For the most part, the youths that are part of Haiti’s gangs are only nominal members. These youths are driven to support or join gangs because of the gangs’ ability to coerce them, and because of their frustrated need, -as young people- for social validation in their communities. Above all, they are also driven by economic desperation.
Many of the boisterous populist statements made by gang leaders are nothing more than well-nuanced strategies, usually full of disinformation and conspiracies, carefully calibrated to build youth resentment into supporting the gang’s crimes against rule of law. The numbers of these youths, and their frenetic and risky behavior, are highly valuable to the gangs. This behavior, though, is a function of their youth, not their commitment.

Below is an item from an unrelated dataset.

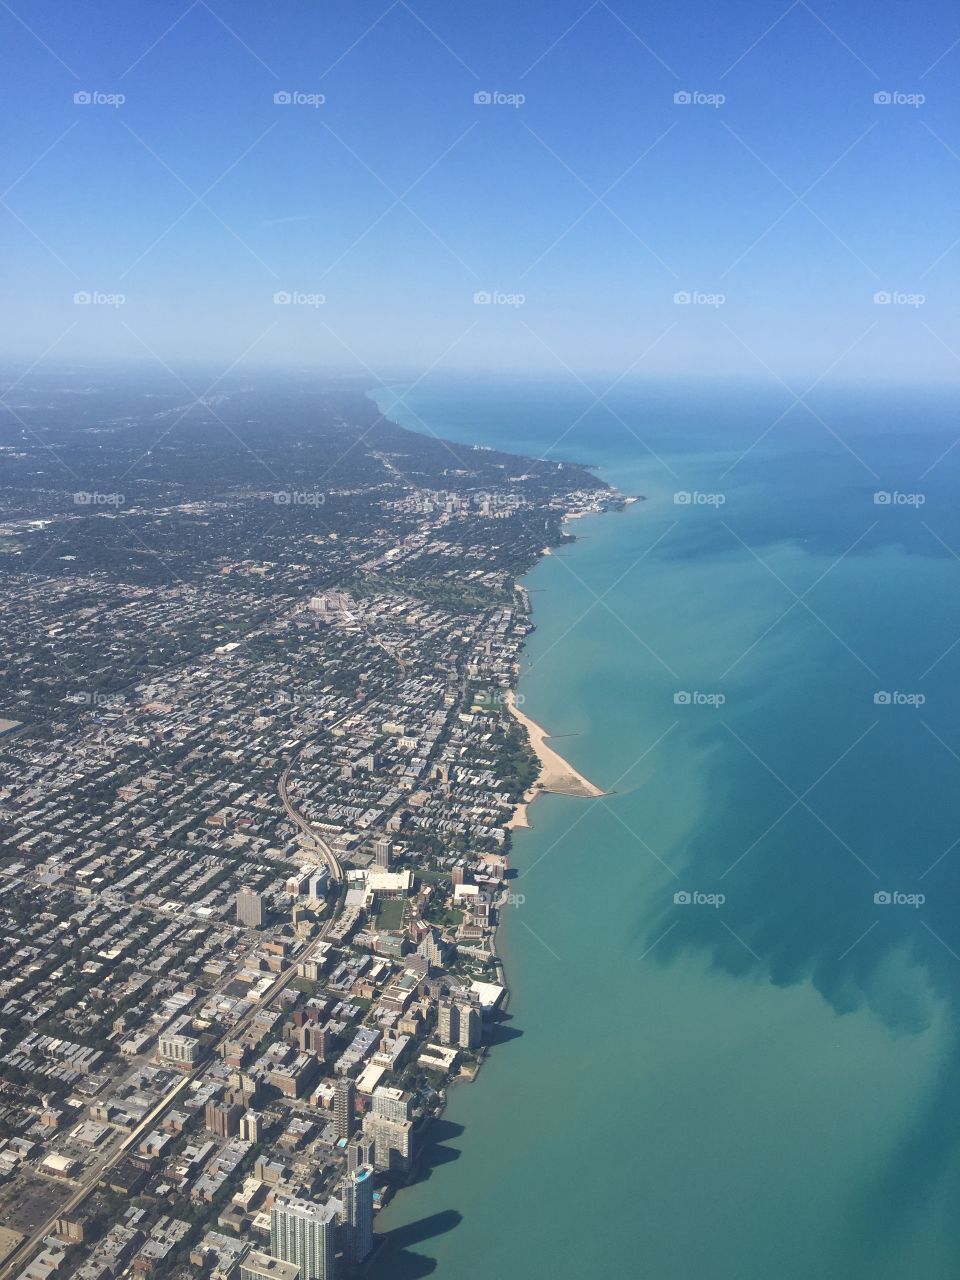 Chicago. Chicago and Lake Michigan

This behavior is an important but easily overlooked similarity between Haiti’s gangs and West Africa’s violent extremist and child soldiers phenomena. But it makes the young gang members, some as young as nine years old, the achilles heel of many of Haiti’s gangs: Their youthful recklessness and risk taking makes them valuable to the gangs but at the same time keep them from being committed to the gangs’ purpose other than immediate gratification. When youthful gang members feel they are being cheated from ill-gained benefits, they are known to join competing gangs or even become informers for law enforcement.

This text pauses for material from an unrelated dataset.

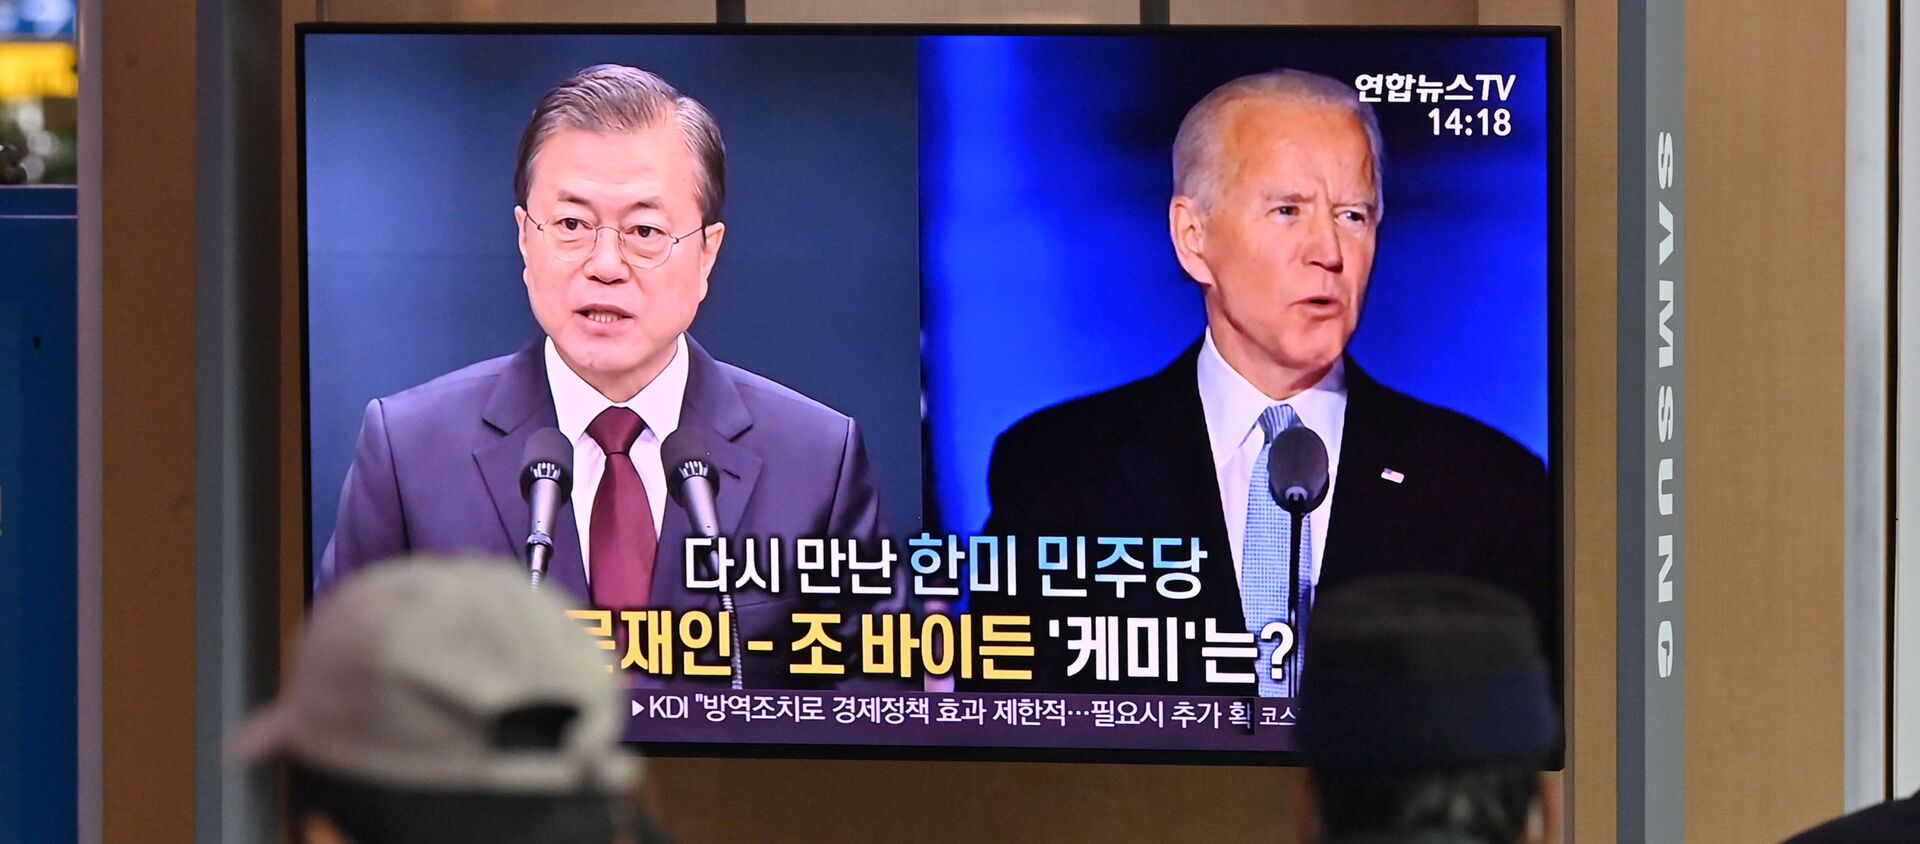 Joe Biden và Tổng thống Hàn Quốc Moon Jaein trên màn hình TV. Ngày 9 tháng 11 năm 2020. - Sputnik Việt Nam, 1920, 13.11.2020

This makes youth members a valuable part of gangs, but also a source of weakness. Co-opting youth gang membership is a necessary part of the array of strategies needed to control any country’s gang problem, -including Haiti’s- with the considerable advantage that these youths can be redirected to community building and social and economic inclusion. This is not a surprise, as those are the governance shortcomings that are at the original root of the youth gang problem.